Seulement, ils aiment la terre, c'est leur joie, leur force, leur vertu, leur vie aussi, cette terre, mère souvent marâtre, fille fréquemment ingrate ; le jour où ils ne l'aimeraient plus et des craintes à notre époque peuvent être conçues à cet égard, le jour où ils abandonneraient cette terre, qui est pour eux à la fois la mère, l'enfant, l'épouse et la maîtresse, le jour de misère et de désastre arrivé, où ils la laisseraient s'épuiser dans une stérilité prolongée, c'est alors qu'il faudrait maudire le paysan, et le traiter en être méprisable et odieux. Jusque-là il convient de l'admirer, de le plaindre aussi. Ses vices ne nuisent guère qu'à lui, et ses mâles vertus profitent à tous. Ce n'est pas le paysan qui a décrété la République, mais c'est grâce à lui qu'elle a pu durer. L'avenir socialiste, qui s'ouvre devant nous, ce sera l'oeuvre pacifique, et la récompense légitime aussi, des hommes de la terre.
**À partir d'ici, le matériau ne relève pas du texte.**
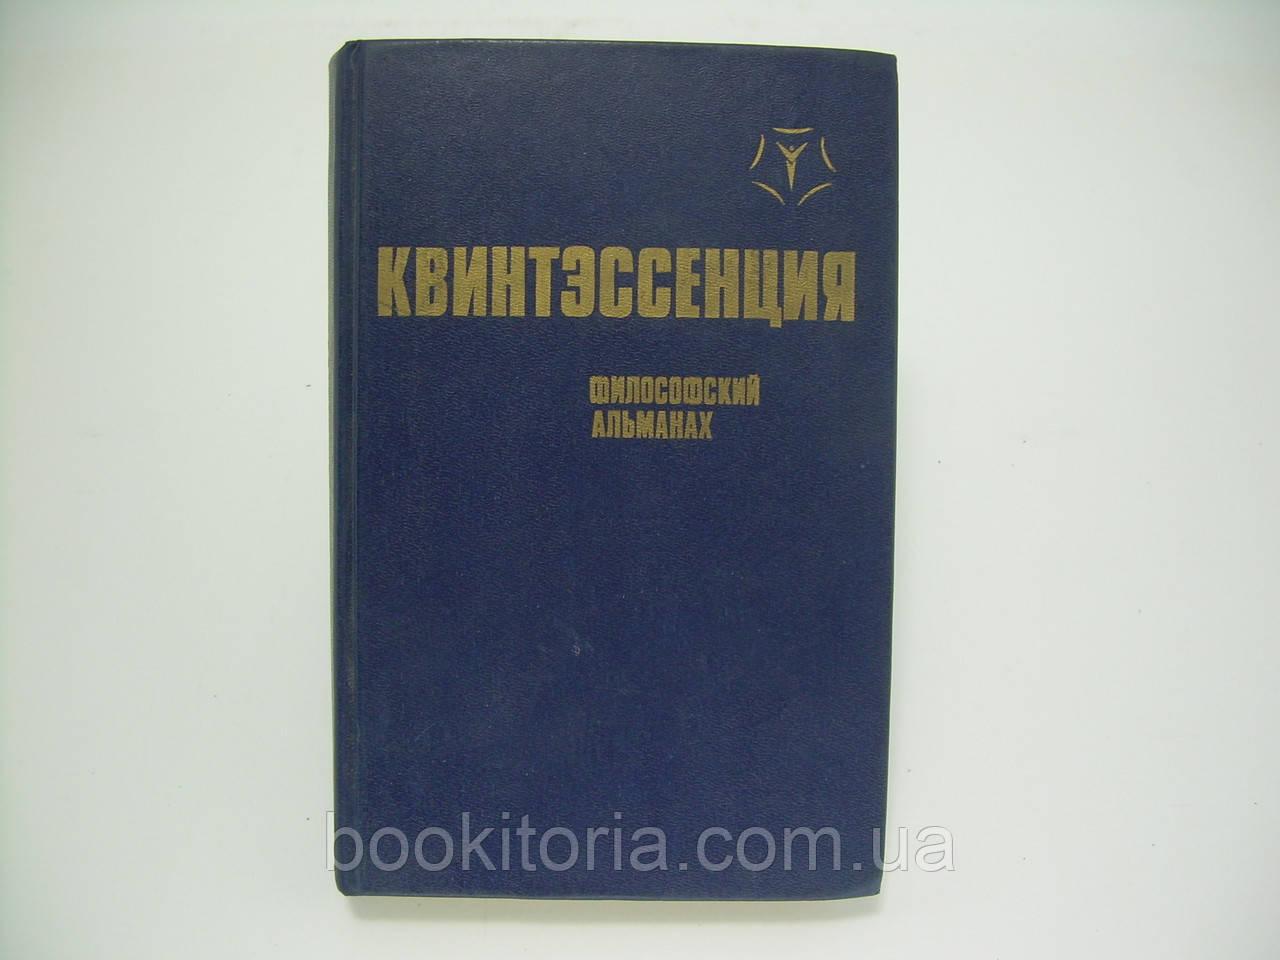 Квинтэссенция. Философский альманах (б/у).

Le roman de la Terre eut une répercussion inattendue dans le monde littéraire.
Des jeunes gens, alors débutants, et dont les noms sont devenus connus :
J.-H. Rosny, Lucien Descaves, Paul Margueritte, Gustave Guiches, sous la conduite de Paul Bonnetain, alors rédacteur assez important au Figaro, lancèrent dans ce journal une singulière excommunication de Zola. Paul Bonnetain, l'auteur de Charlot s'amuse, reprochant à l'auteur de Germinal sa «Mouquette», c'était bouffon et cynique. Bonnetain est mort, fonctionnaire à la Côte d'Ivoire, mais les quatre autres membres de cette congrégation de l'Index vivent encore ; ils ont acquis, les uns du talent, les autres de la renommée.
Ils doivent regretter leur escapade de jeunesse.
Voici ce qu'ils fulminèrent contre Zola, en tête du Figaro.
À ÉMILE ZOLA
Naguère encore Émile Zola pouvait écrire, sans soulever de récriminations sérieuses, qu'il avait avec lui la jeunesse littéraire.
Trop peu d'années s'étaient écoulées depuis l'apparition de l'Assommoir, depuis les fortes polémiques qui avaient consolidé les assises du Naturalisme, pour que la génération montante songeât à la révolte. Ceux-là mêmes que lassait plus particulièrement la répétition énervante des clichés, se souvenaient trop de la trouée impétueuse faite par le grand écrivain, de la déroute des romantiques.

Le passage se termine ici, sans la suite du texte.